I apologize in advance because I feel like this problem is fairly simple but I can't seem to figure out what the formula would be.
Essentially, if I had an object that were traveling 60cm/second, but had an inverse force applied to it of -60cm/second, how would I calculate how much distance it would travel in 1 second before it stopping? (Ignore factors such as wind resistance, gravity, etc. Only account for velocity of the object, time, and the inverse force applied to it).
On
If its acceleration of $-60cm/second^2$ then we have equations of motion Which calculates distance of particle. $S_n=u+\frac{a}{2}(2n-1)$ substituing $n=1$ we get it as $60-\frac{60}{2}(2-1)=30$. $'-'$ indicates deacceleration. Hope its clear.
On
One way to solve this problem is to look at energy and work. The object starts off with a kinetic energy of $\frac12mv_0^2$. To bring it to a complete stop, that much work must be done to it.
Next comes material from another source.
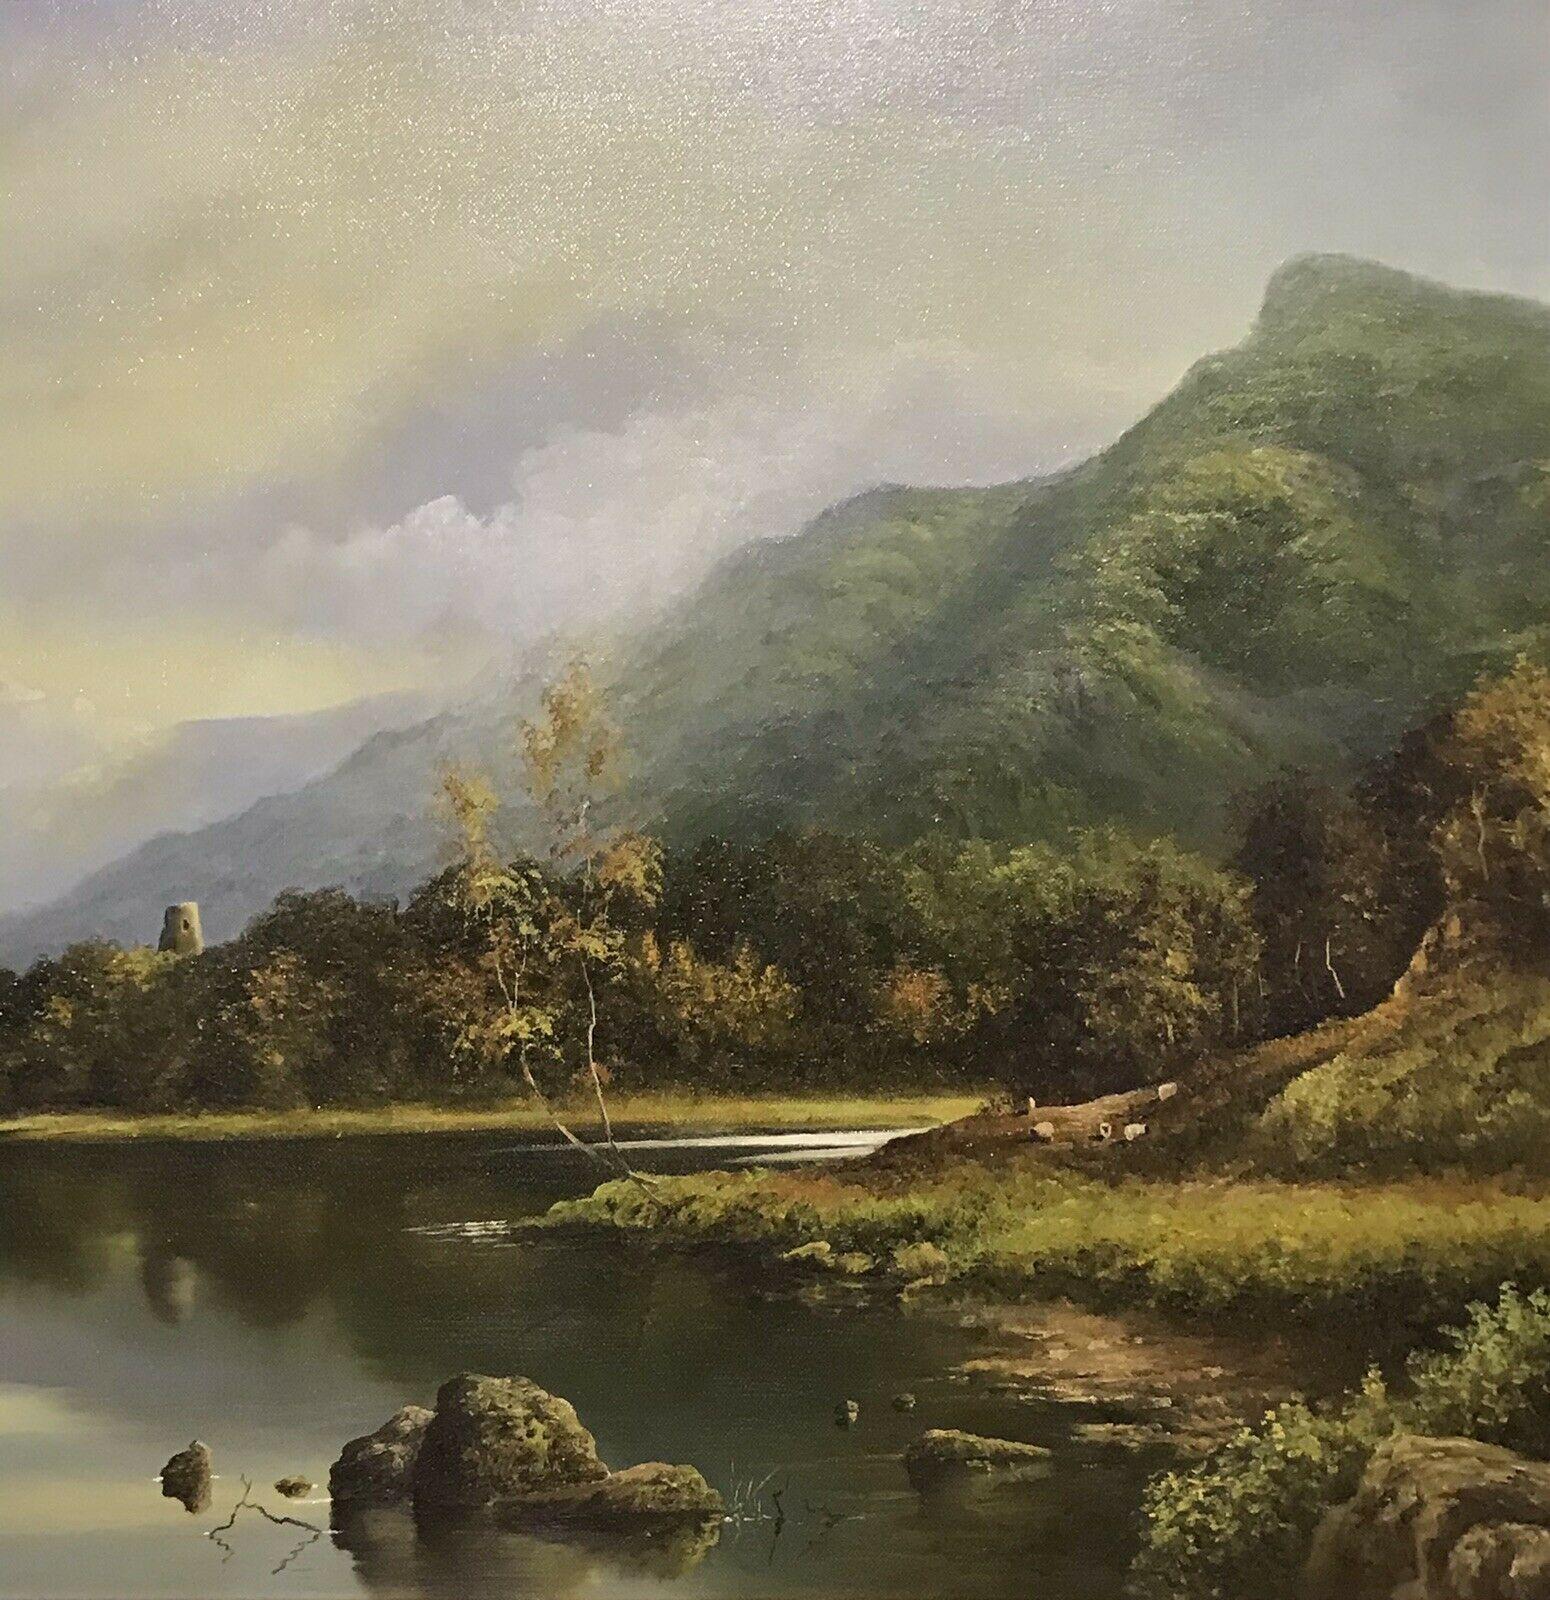 a tranquil lake scene painting
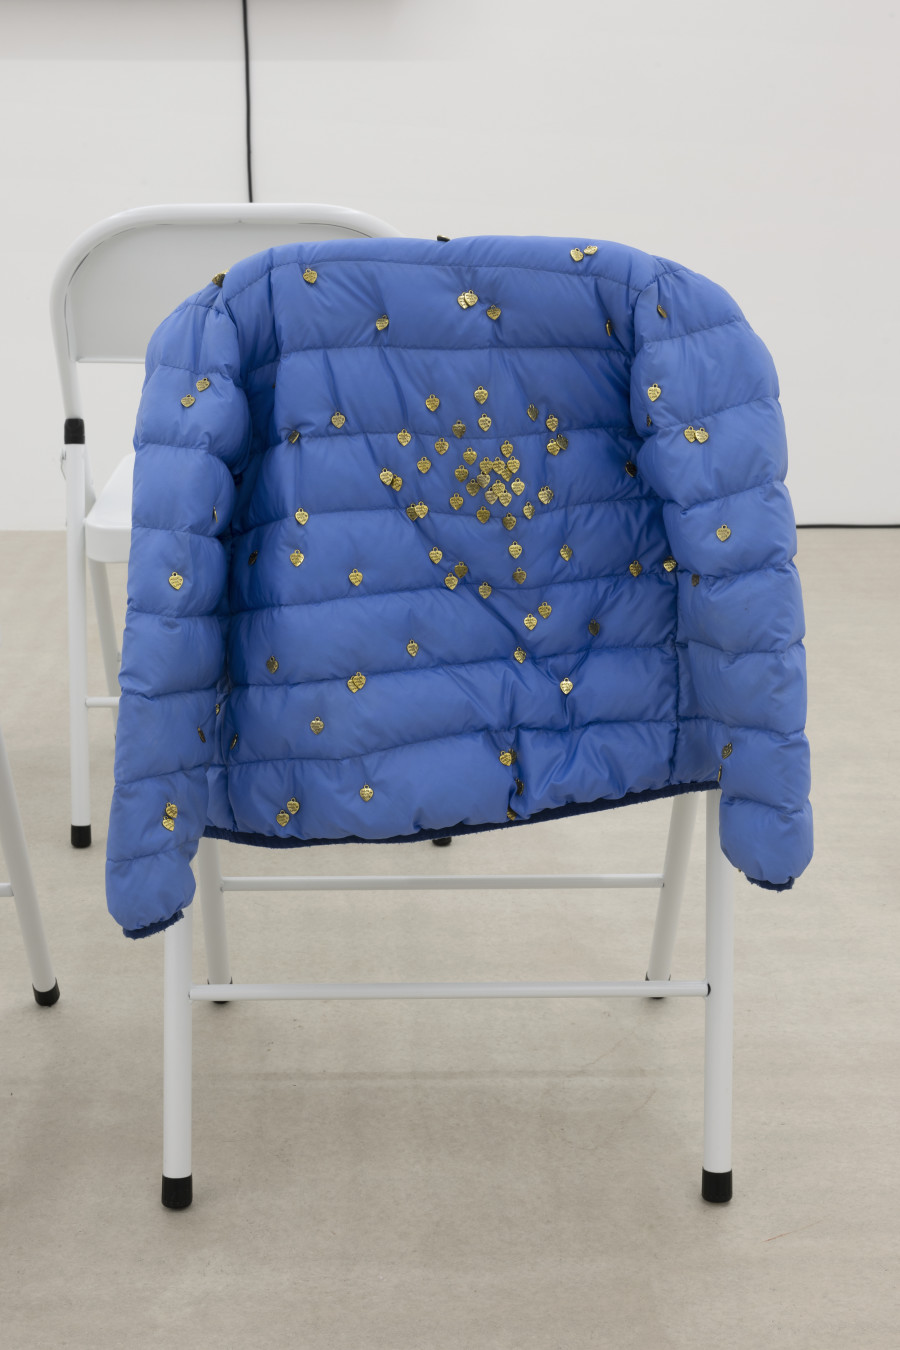 Teo Petruzzi, HAPPY FAMILY, 2023, puffer jackets, embroidery, heart pendants, 73 × 40 × 18 cm. Photography: Gina Folly / all images copyright and courtesy of the artist and For, Basel

For a constant force directed along the line of motion, work is equal to force $\times$ distance, so we have $Fs=mas=-\frac12mv_0^2$, so $s=-\frac{v_0^2}{2a}$. (The minus sign is because the change in kinetic energy is negative: $\Delta E_k=0-\frac12mv_0^2$.) Plugging in your values (and assuming you really meant an acceleration of $-60\;\text{cm}/\text{sec}^2$), we get $$s = -\frac{(60\;\text{cm}/\text{sec})^2}{2\cdot (-60\;\text{cm}/\text{sec}^2)} = 30\;\text{cm}.$$
Even though for this problem it’s easy enough to compute the time it will take to stop the object and then integrate over that time interval, this method requires no integrals at all.
Your object has a speed of $(60-60t)$ cm/sec. At what time is the speed zero? Now integrate the velocity from $0$ to this time to find the displacement.